[Dataset content]

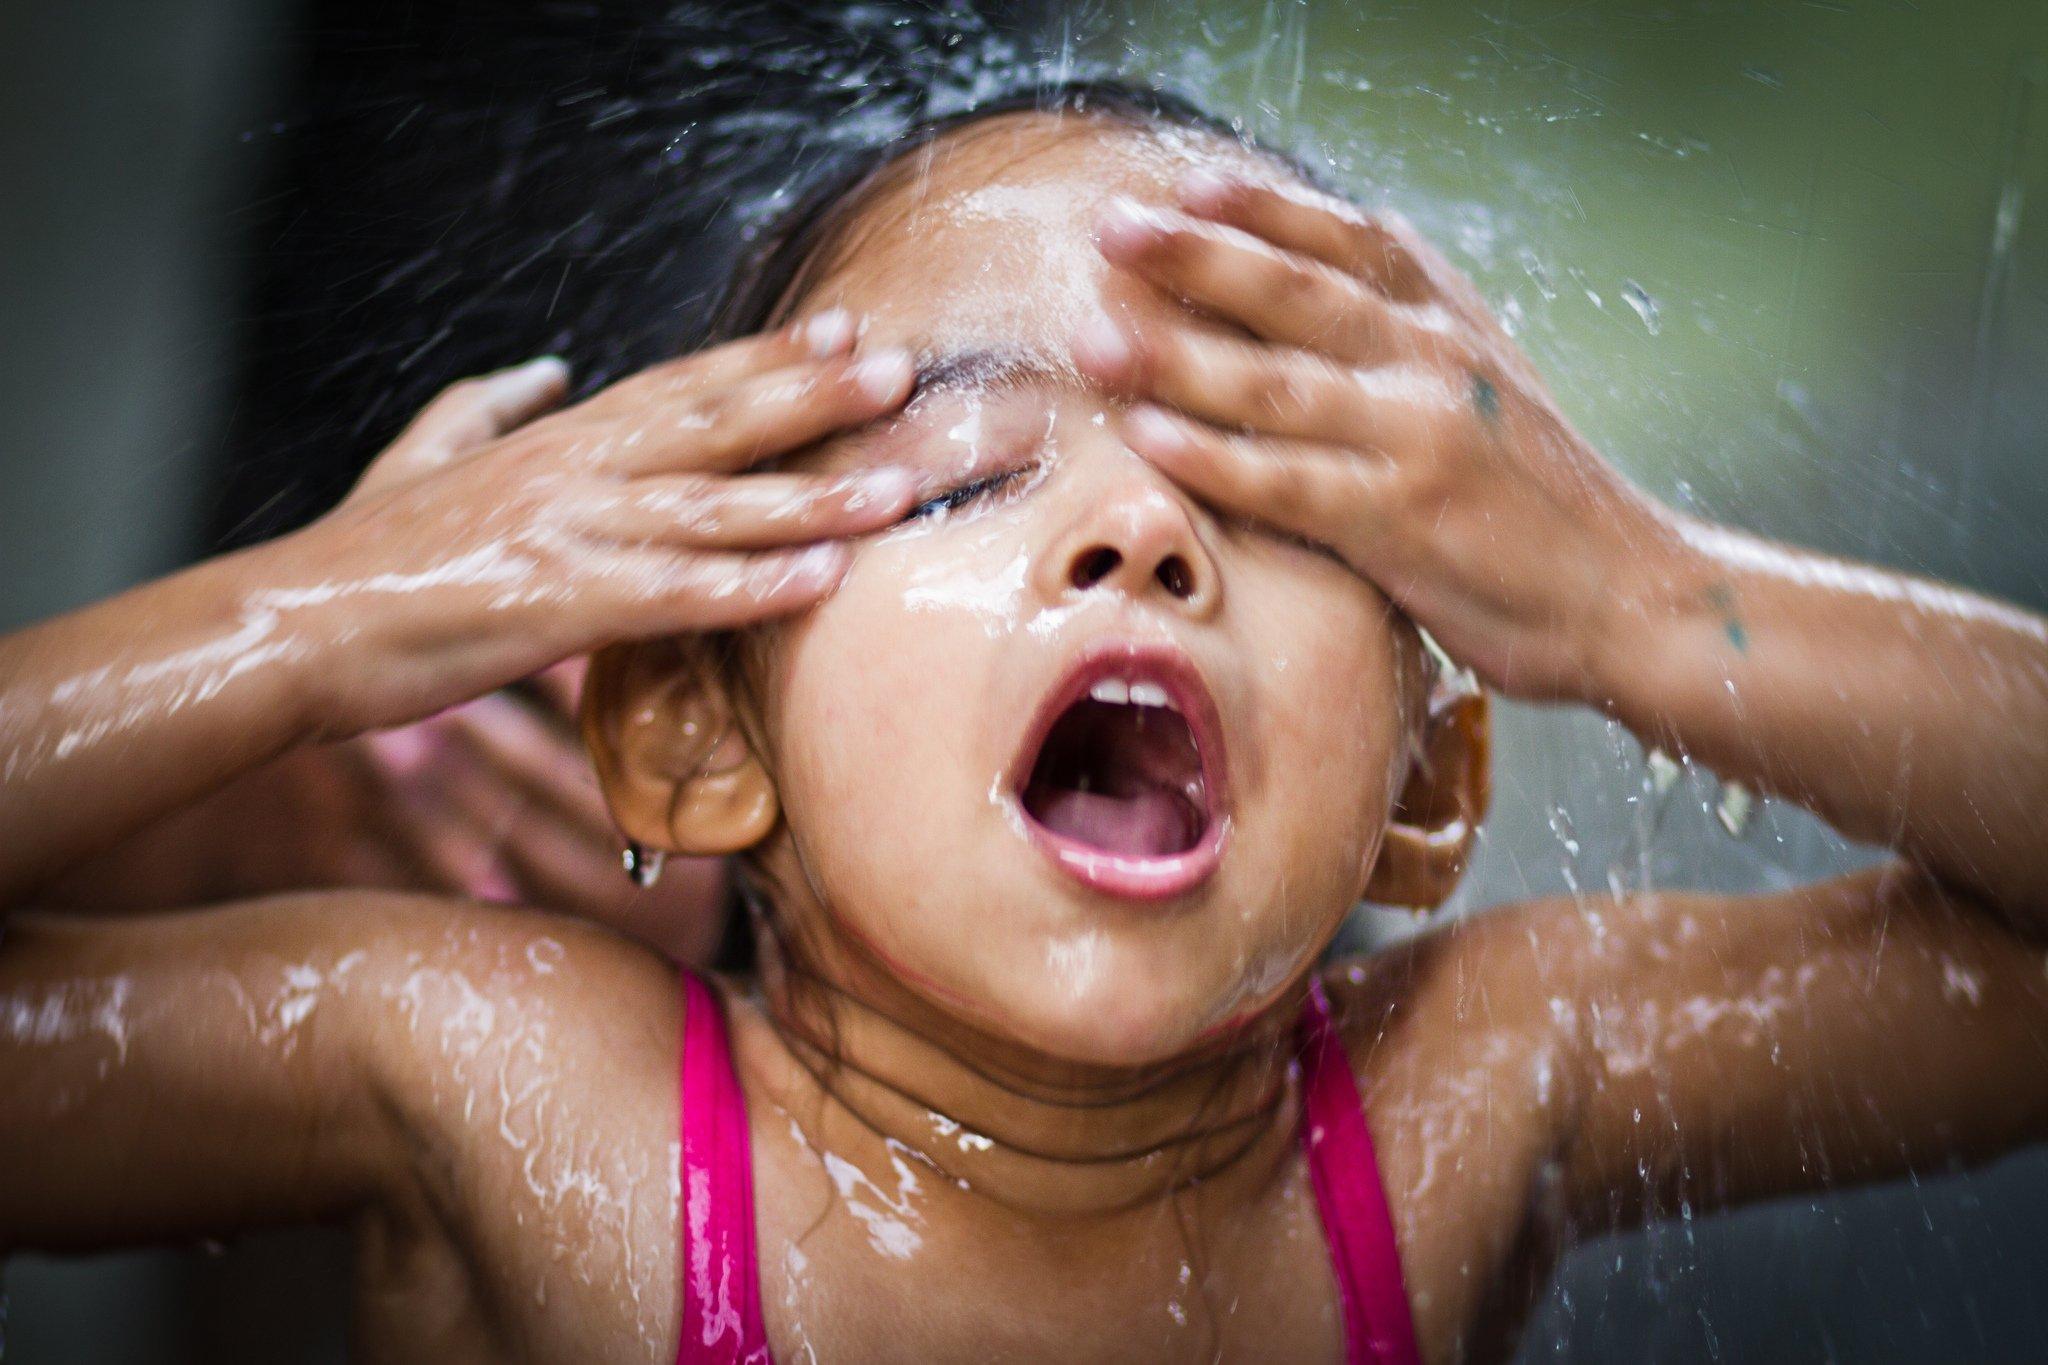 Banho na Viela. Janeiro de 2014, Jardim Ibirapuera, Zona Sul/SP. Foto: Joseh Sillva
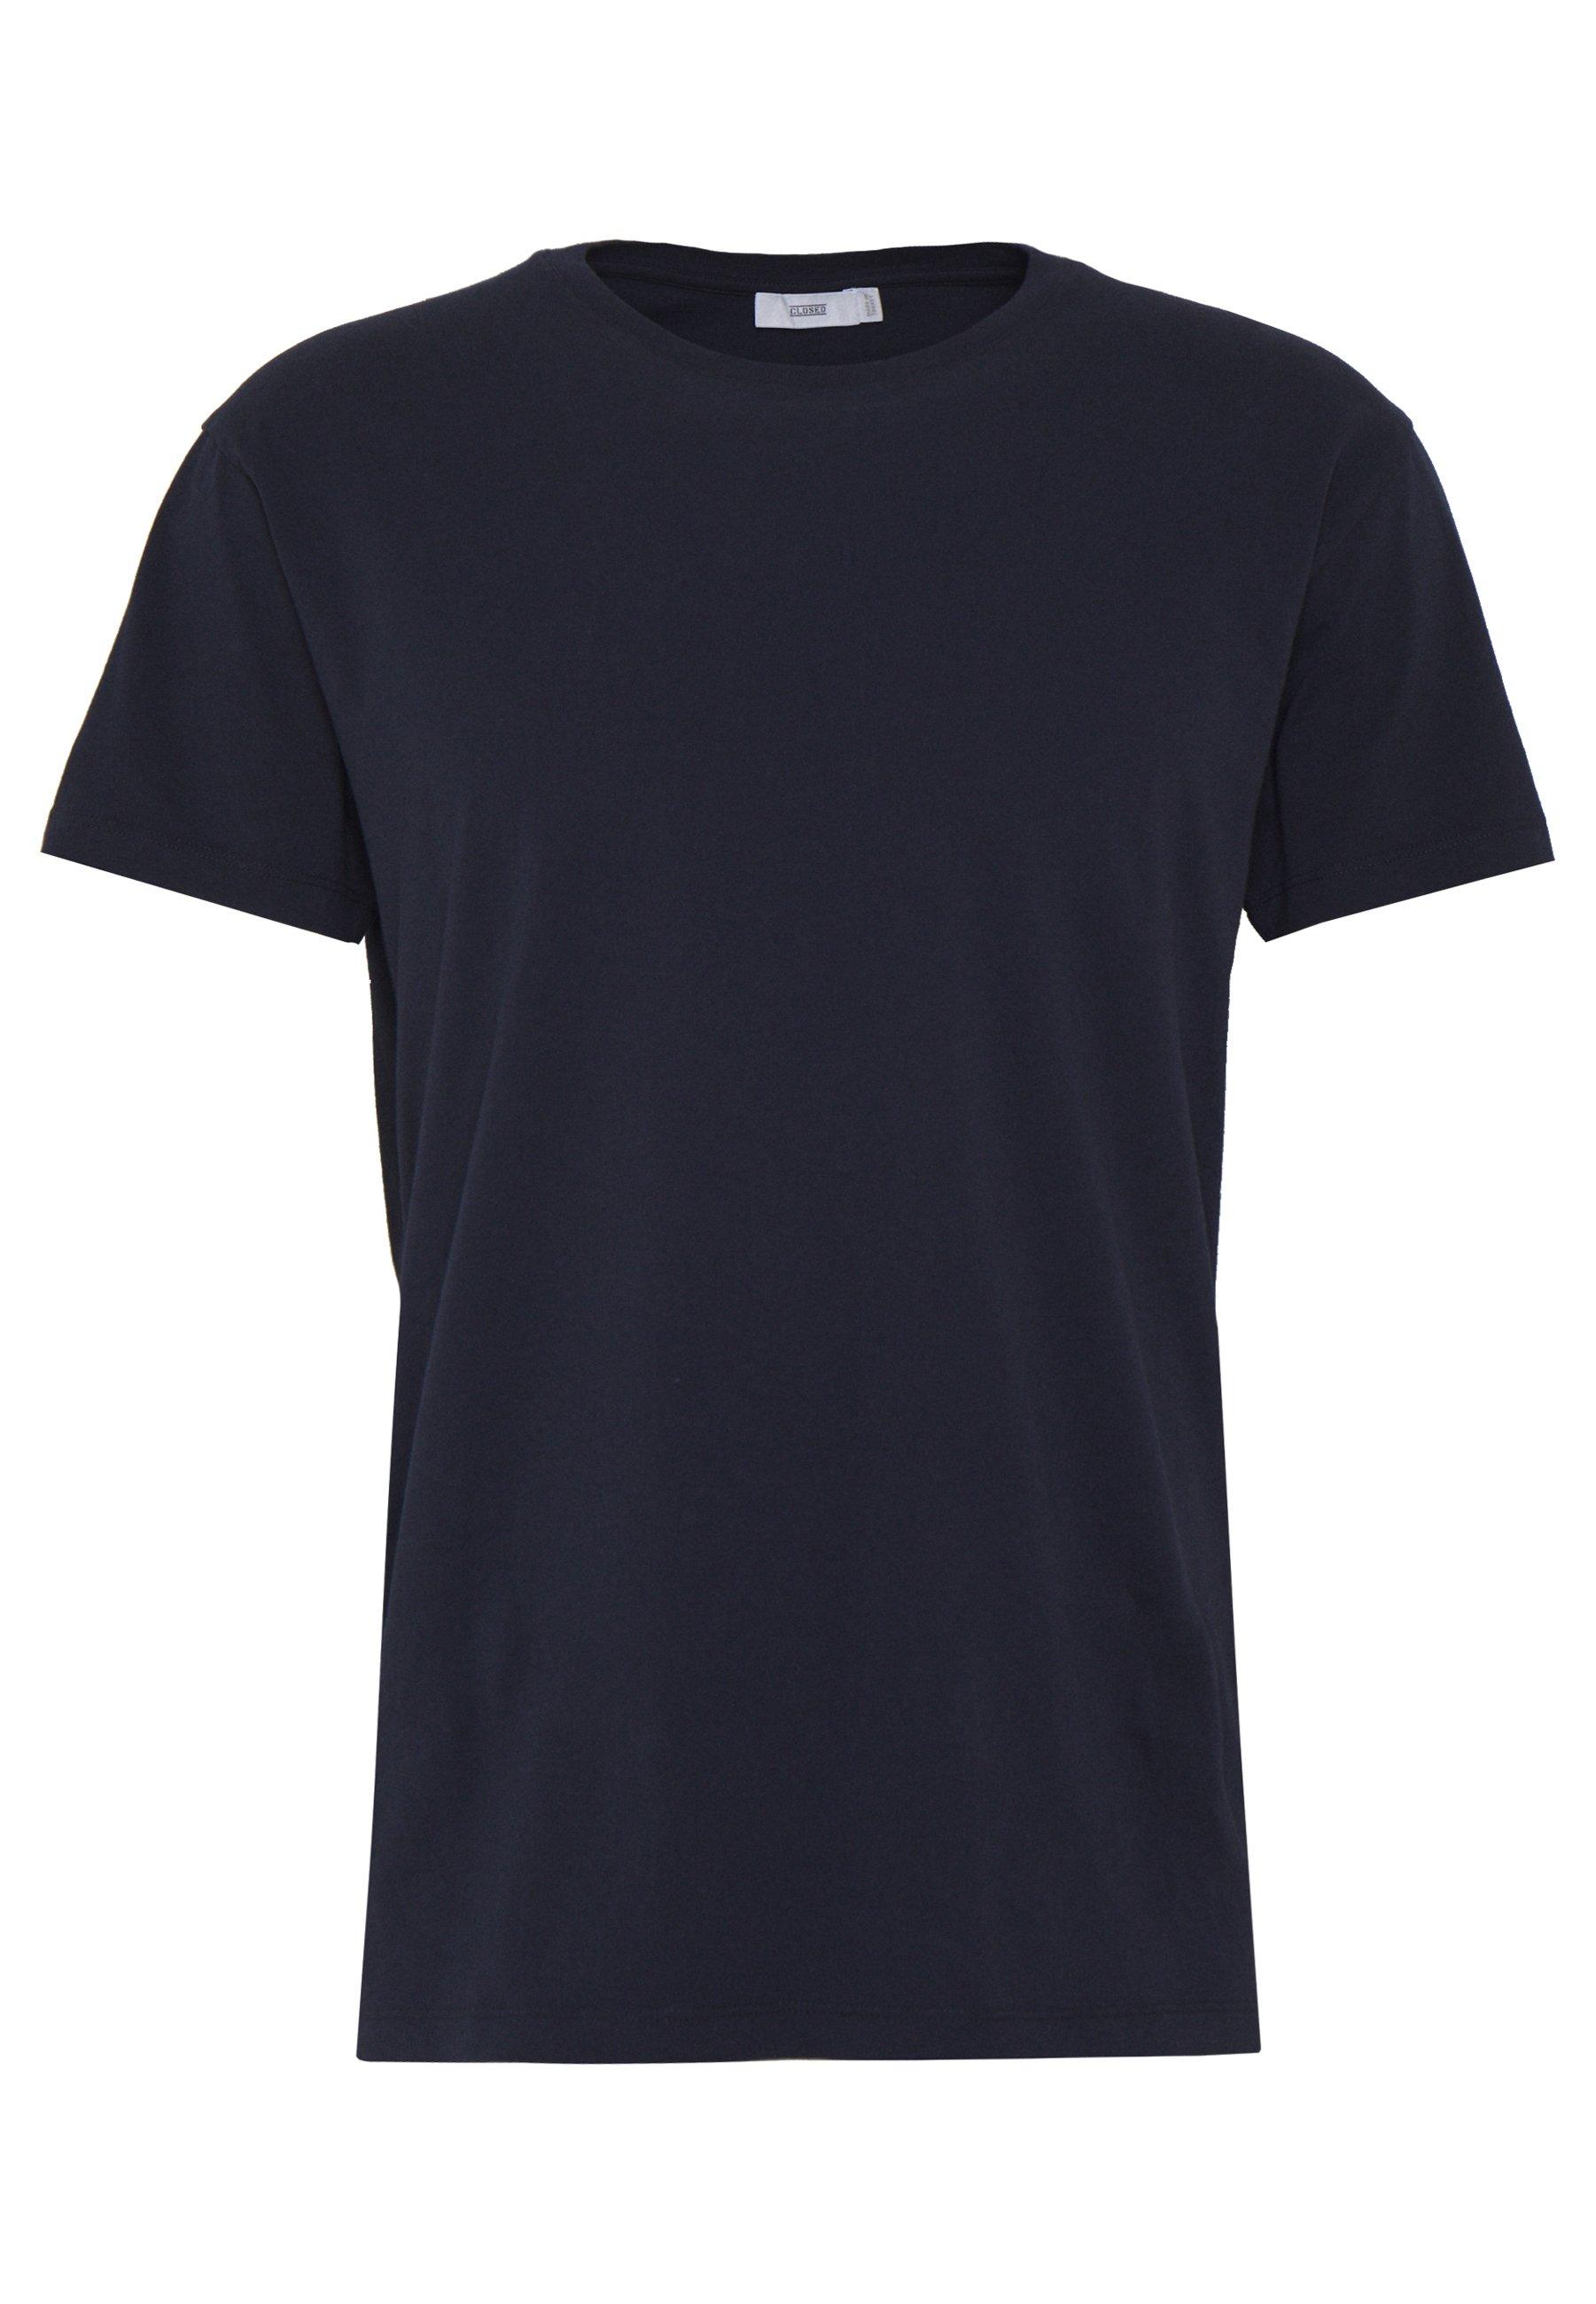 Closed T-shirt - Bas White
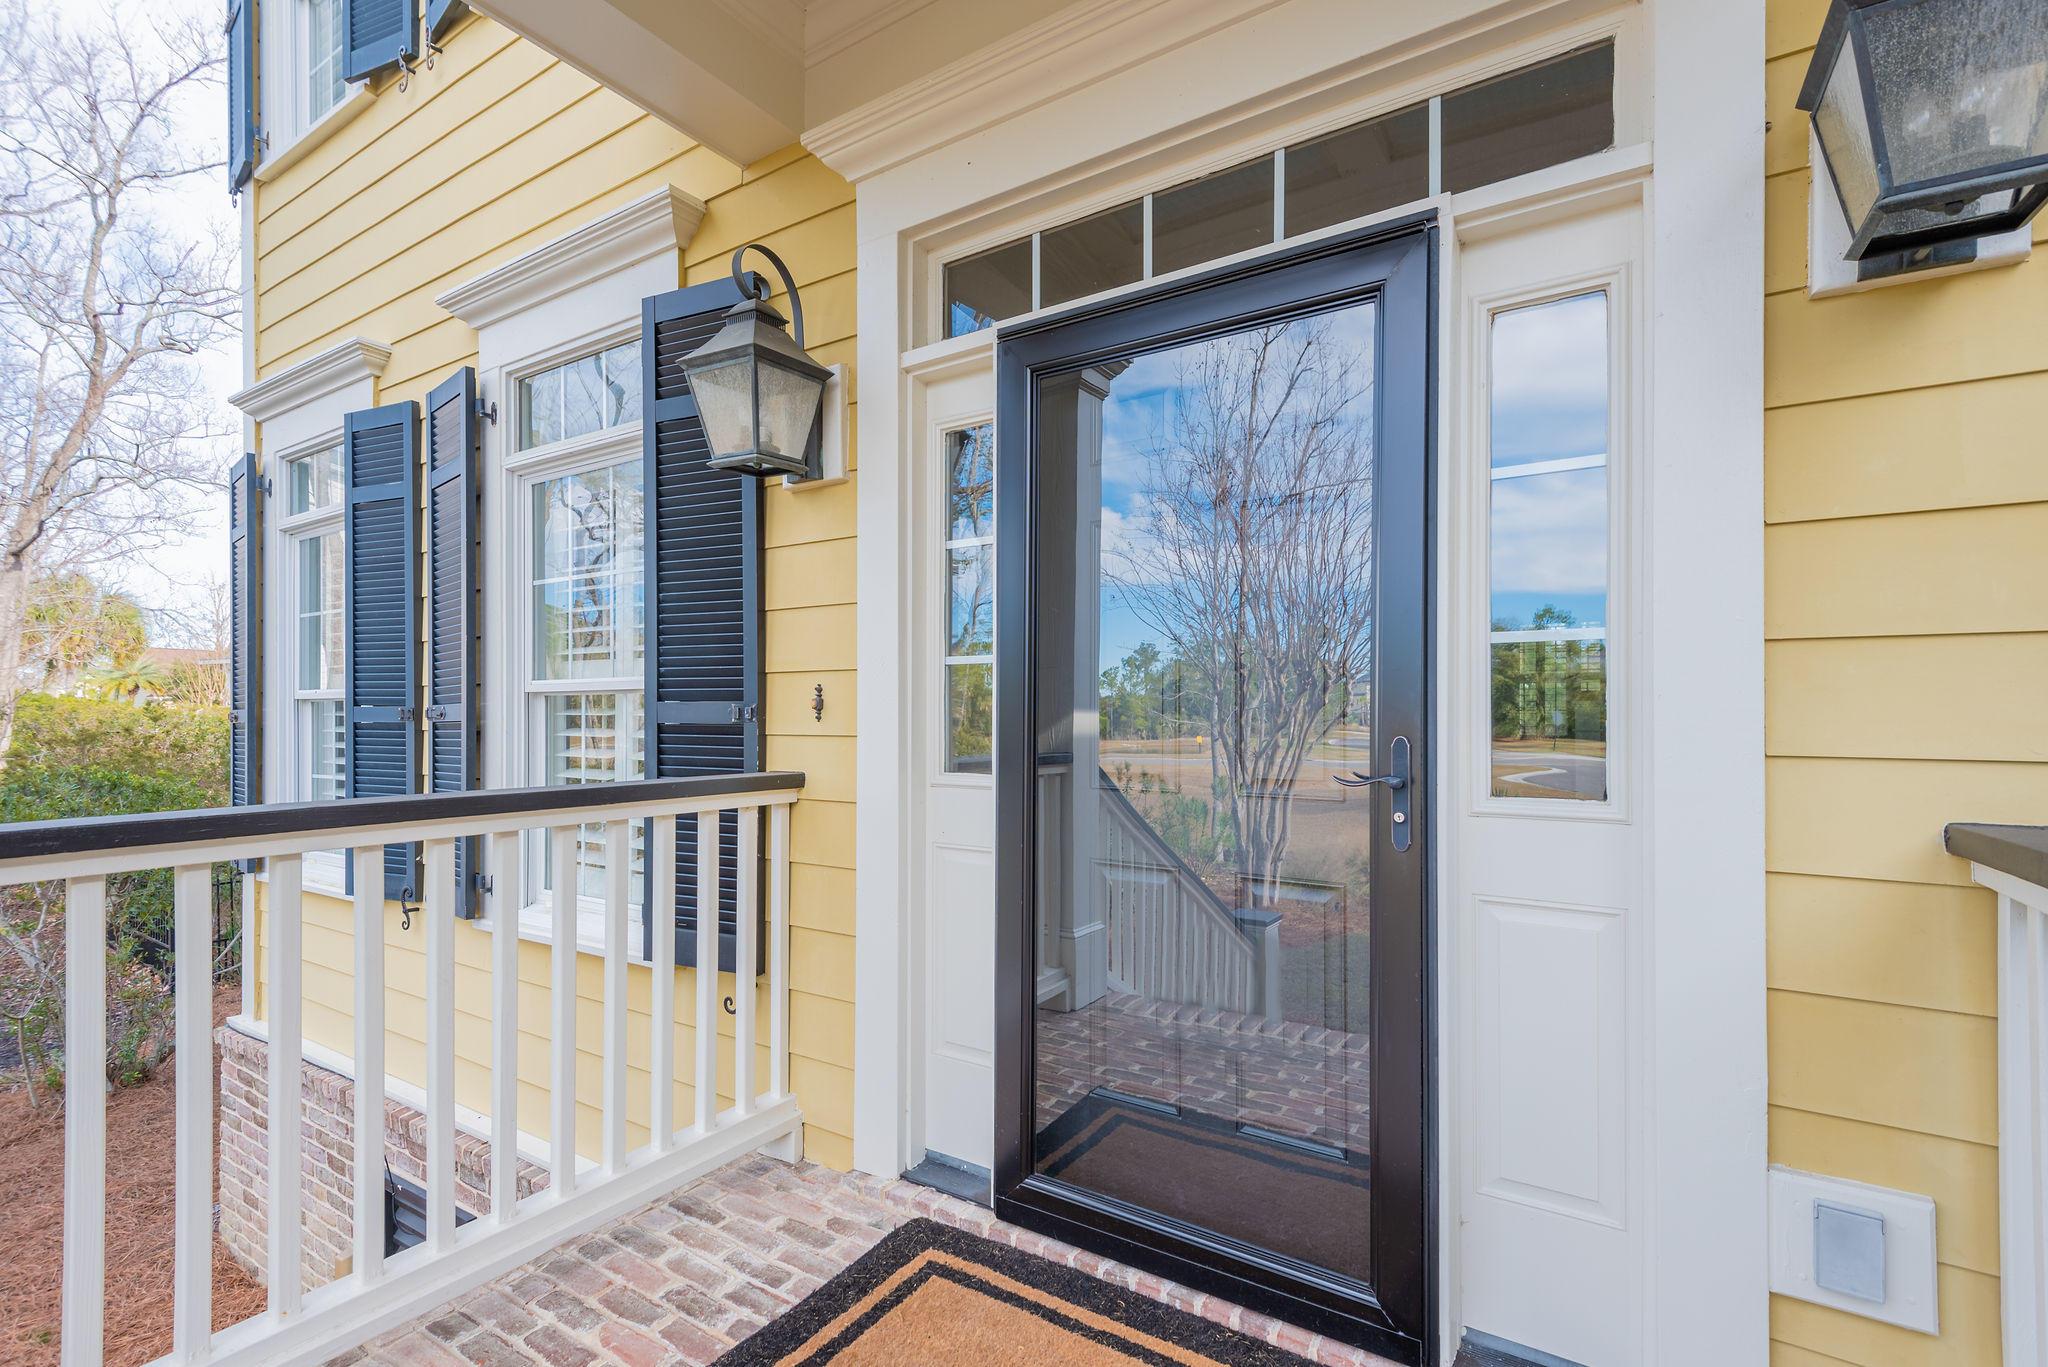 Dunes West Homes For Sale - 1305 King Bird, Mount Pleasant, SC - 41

[/Dataset content]

▶ **Exercise brief**
The expected response is every line of the material, written out exactly, with the images removed.

▶ **Solution to this problem**
 Banho na Viela. Janeiro de 2014, Jardim Ibirapuera, Zona Sul/SP. Foto: Joseh Sillva
 Closed T-shirt - Bas White
 Dunes West Homes For Sale - 1305 King Bird, Mount Pleasant, SC - 41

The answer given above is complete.